Dê liberdade àquilo que cerca você e, assim, voltará a estar centrado em você mesmo. Meu amor pela flor arrancou-me de mim mesmo e me confundiu com a flor, minha repugnância pela cobra arrancou-me de mim mesmo e me confundiu com a cobra. Se dou liberdade, dou liberdade a mim mesmo. Dê liberdade àquilo de que você não gosta; dê liberdade àquilo de que você gosta. Não decida: essa flor é bela. Você já terá se apoderado dela. Não. Ela “é”; ela É. O cardo é tão belo quanto o gladíolo, o dente-de-leão é tão bonito quanto o crisântemo…

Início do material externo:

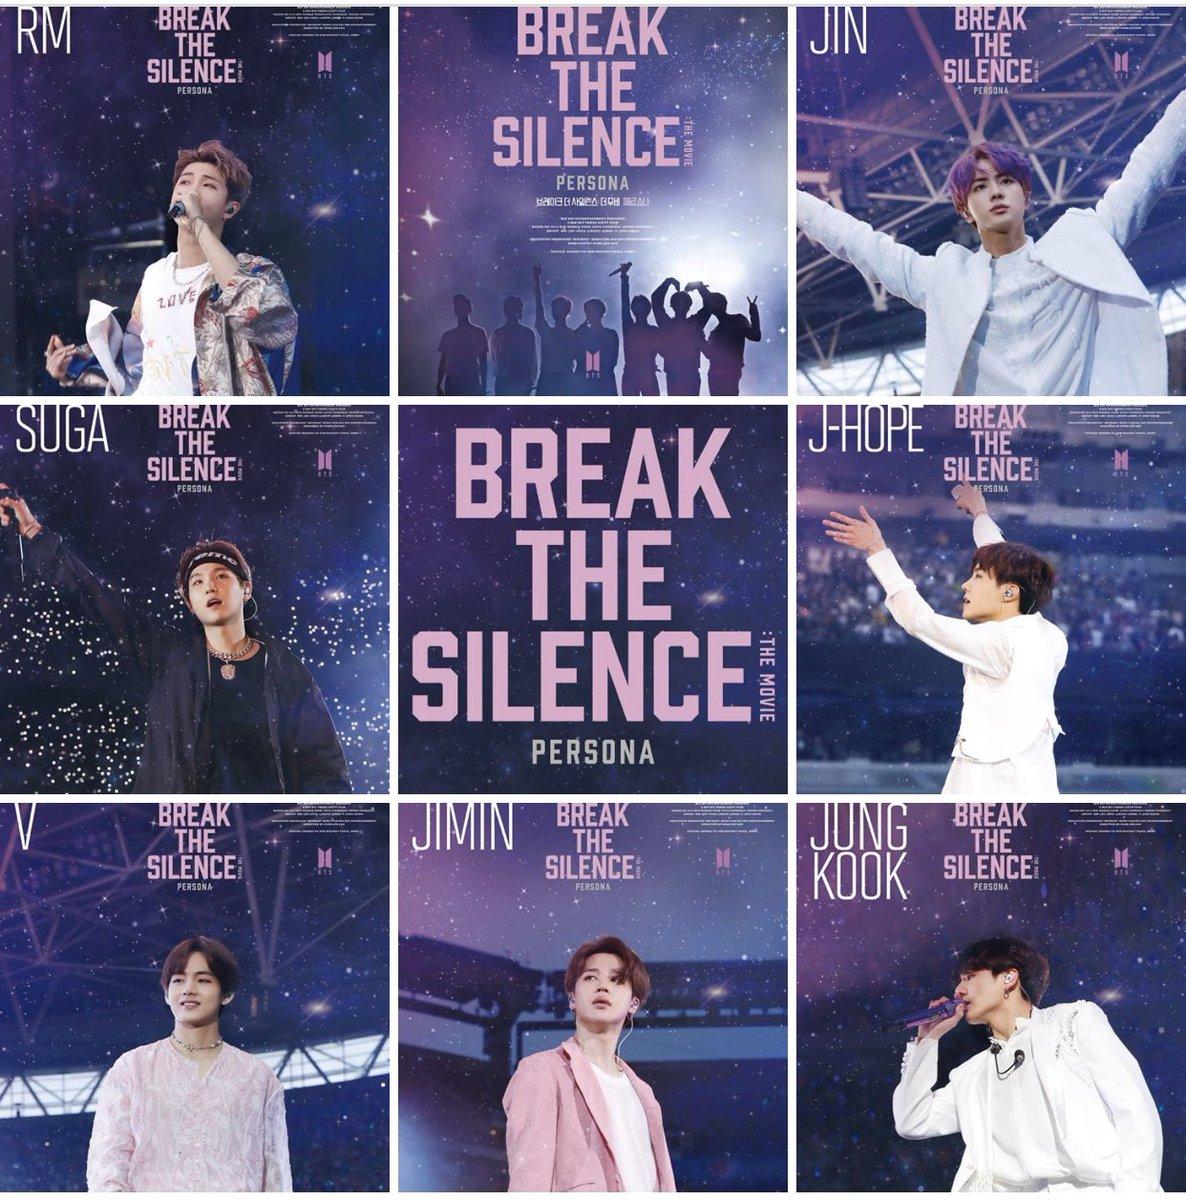 #breakthesilence_themovie
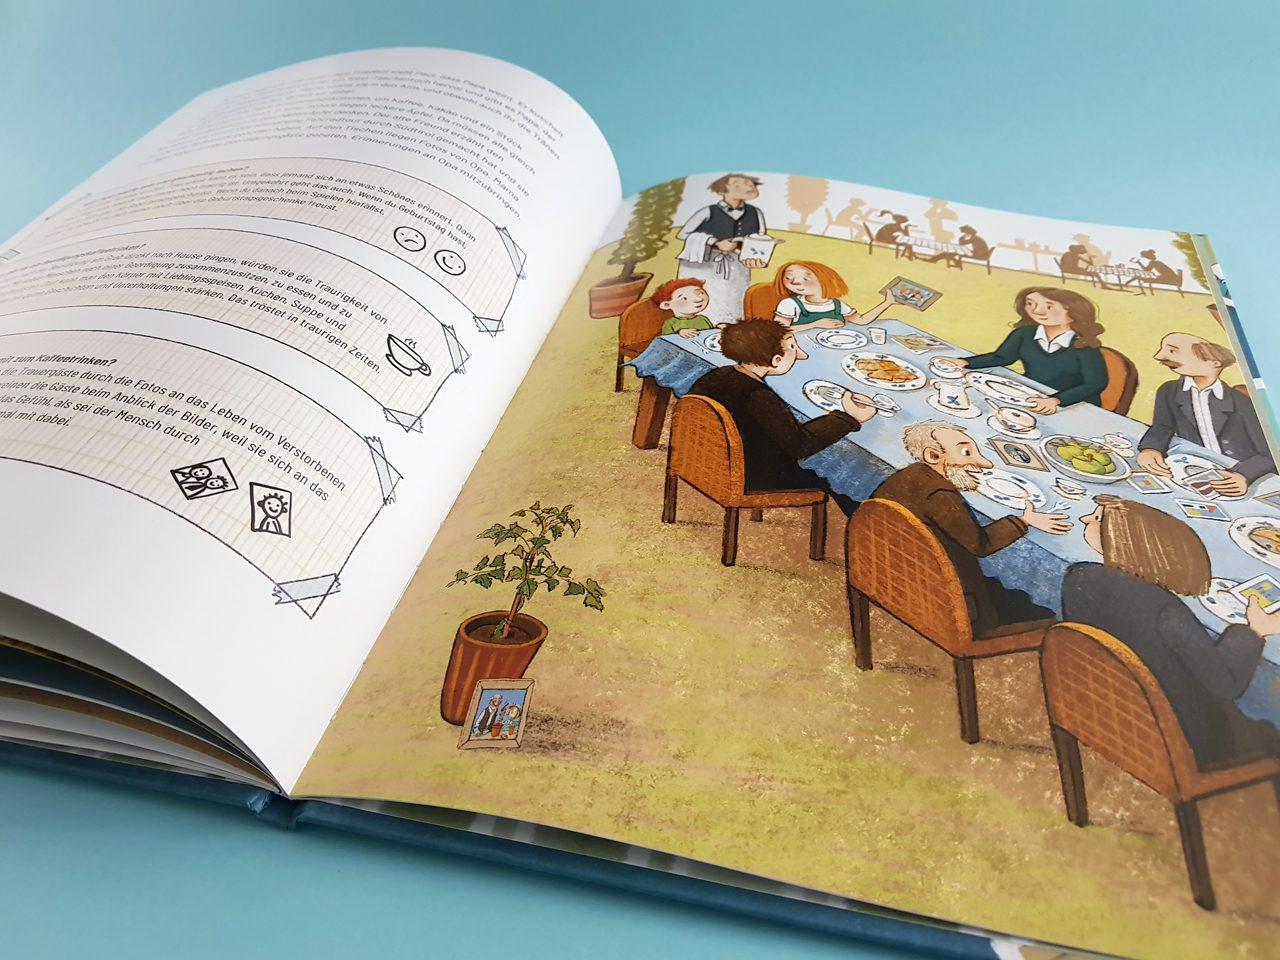 Geht Sterben wieder vorbei Gabriel Verlag aufgeschlagenes Kinderbuch

Uma frase de Mestre Eckhart diz: “Você pode gozar de todas as bênçãos da vida se, no mesmo instante, estiver pronto para abandoná-las de imediato, também alegremente”. É outro modo de dizer a mesma coisa. Você pode gozar de todas as boas coisas da vida se, no mesmo instante, estiver disposto a acolher, também alegremente, um acontecimento desagradável. Nesse momento você é livre. Pode ouvir essas palavras em dois níveis. Pode ouvi-las — mas é bem difícil de compreender antes de tê-las realizado em si — para designar o jivan mukta que é capaz de ser um com tudo, tudo apreciar: o “bom” e o “mau”. E pode ouvi-las referindo o discípulo comprometido com o Caminho — o discípulo que progride, que vai continuar a viver no ego, mas de maneira muito mais afinada; o ego ainda está aí, mas muito menos opressivo, muito menos crispado, muito mais livre. Considere essas palavras concernentes a você, a partir de hoje, como discípulo. Por que eu vivo no medo, na culpa e me frustro? Acolha, acolha aquilo que você pode receber e aquilo que lhe é dado. Mas acolha também aquilo de que você não gosta e que lhe é dado. Acolha os acontecimentos felizes; acolha também os acontecimentos infelizes, sem se revoltar. E quando receber uma coisa feliz, pegue-a sem imperialismo, sem cobiça, sem apego (moha em sânscrito), sem fazer dela uma questão pessoal. Eu a recebo na liberdade; no instante, está aí. Não se pode mais dizer “pegar” mas “comungar”. No instante, está aí. Pode ser que em um segundo não esteja mais. Está aí. Se vier qualquer outra coisa, eu também a acolho.
Por meio dessa liberdade interior você sentirá o que é correto, qual ação deve ser realizada. Não é mais a expressão do ego com sua cegueira, seus medos, seus desejos, sua inquietação. É a resposta neutra e objetiva às circunstâncias, dada sem deixar o Centro que não come e não é comido por ninguém.